Mrs Rinehart’s $365 million takeover of the S. Kidman & Co pastoral empire was given the green light by the Foreign Investment Review Board last Friday, one of the last major hurdles in her pursuit of the properties.
Mrs Rinehart’s Hancock Prospecting teamed with a 33 per cent partner, Shanghai CRED Real Estate, in October after an earlier all-Chinese bid led by Shanghai CRED was scuppered on national interest grounds.
Kidman properties span 101,000sqkm across four States and Territories, grazing 185,000 cattle.
Mrs Rinehart had promised to buy the properties outright had FIRB again rejected the Chinese element of the bid.

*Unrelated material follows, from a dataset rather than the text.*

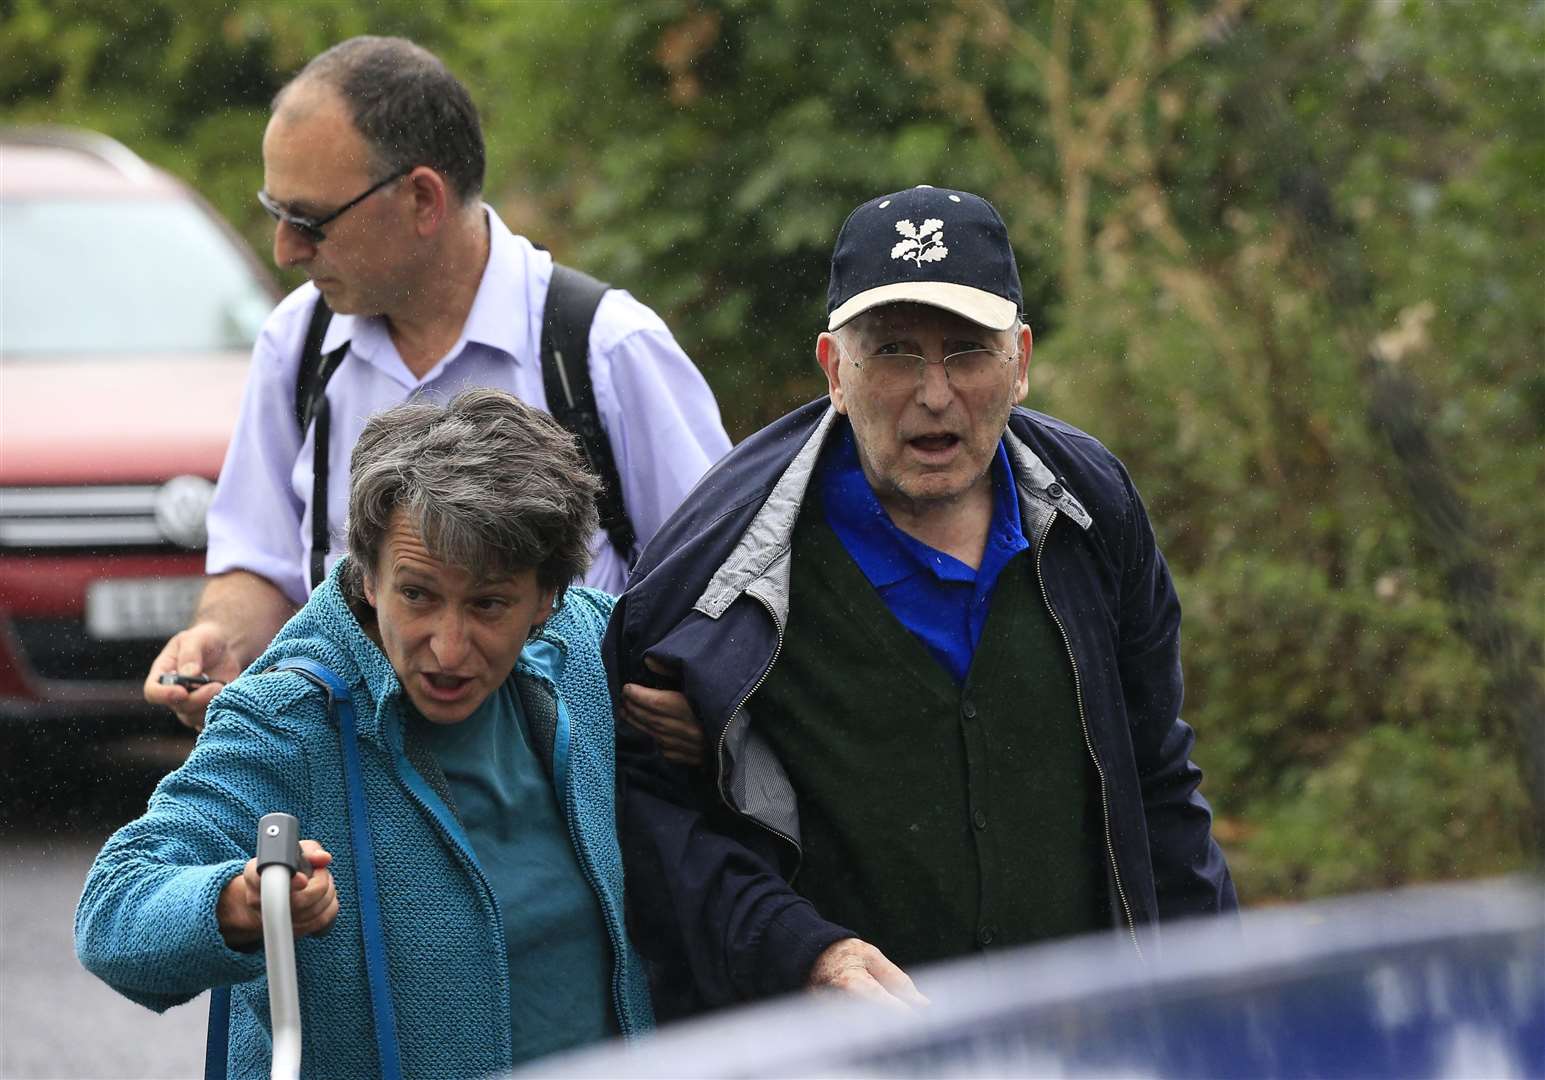 Lord Janner was last seen in public in 2015, when he appeared in court on child abuse allegations (Jonathan Brady/PA)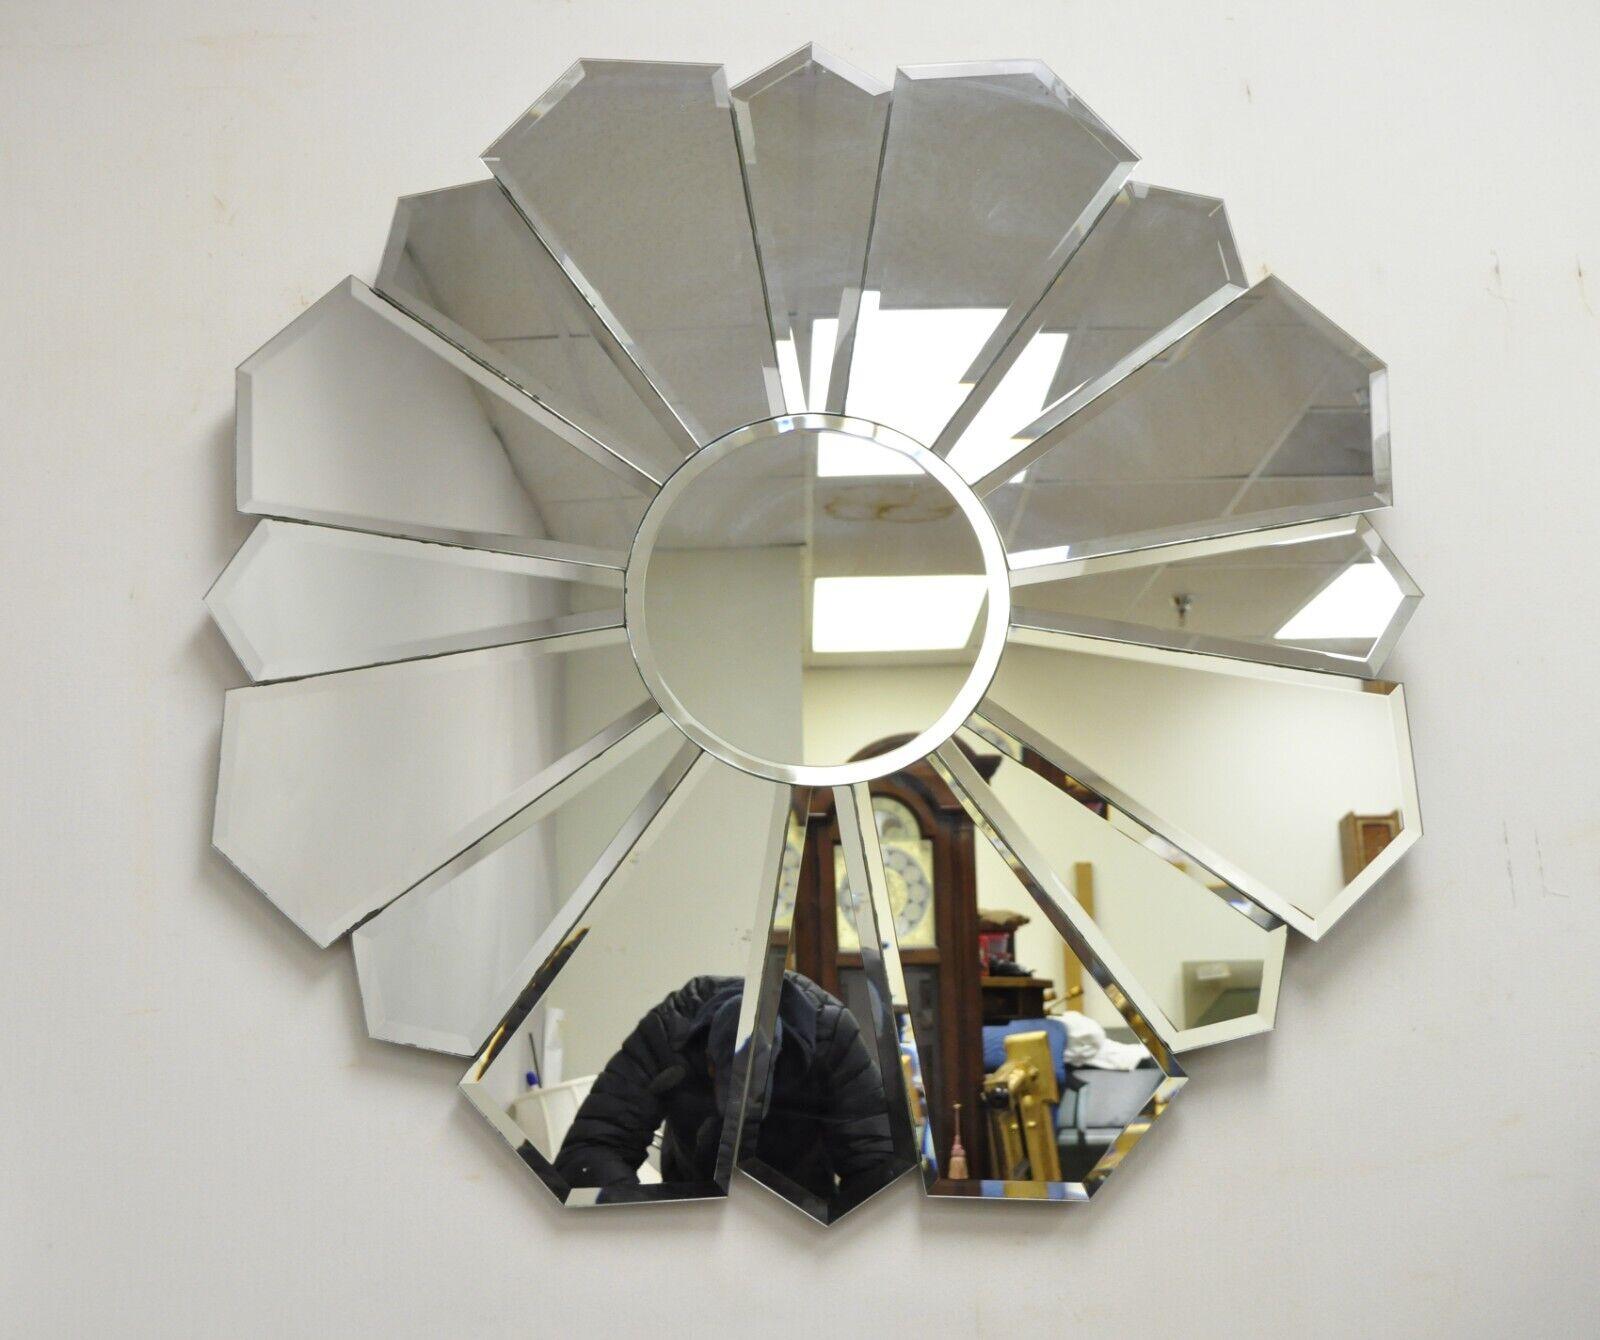 Vintage Hollywood Regency beveled glass sunburst flower petal wall mirror. Item features a unique sunburst/flower petal design, clear beveled glass panels, very nice item, great style and form. Circa late 20th century. Measurements: 38.5

She told Seven News the sale meant profits would stay in Australian hands.
“It does mean, of course, Australians can feel it is under Australian control, ” she said.
Mrs Rinehart said Australia should look to US president-elect Mr Trump’s promise to slash business red tape.
“We could learn from that,” she said. “Could you imagine how fantastic this country could be?”
Federal Treasurer Scott Morrison said the sale process had been extensively and heavily scrutinised and that other Australian bidders had ample opportunity to participate.
He said the Hancock bidding company Outback Beef had “made a commitment of significant investments into the Kidman business”.
It included increasing the herd size by 20,000 head of cattle in the next 18 months and investing up to $19 million in capital improvements, with 35 new jobs to be created.
Mrs Rinehart, Hancock’s chairwoman, said the acquisition would elevate the WA company into the top three beef producers in Australia, with a combined herd size of up to 300,000 head.
“Three-quarters of this country’s beef production is exported and export markets are critical for the industry’s future,” she said.
“We intend to provide additional investment in cattle and infrastructure, including technology improvements to keep cost and quality competitive internationally.
“The Treasurer’s approach to the sale of Kidman enabled a local Australian company to pay a fair market price and retain Kidman in Australian control.”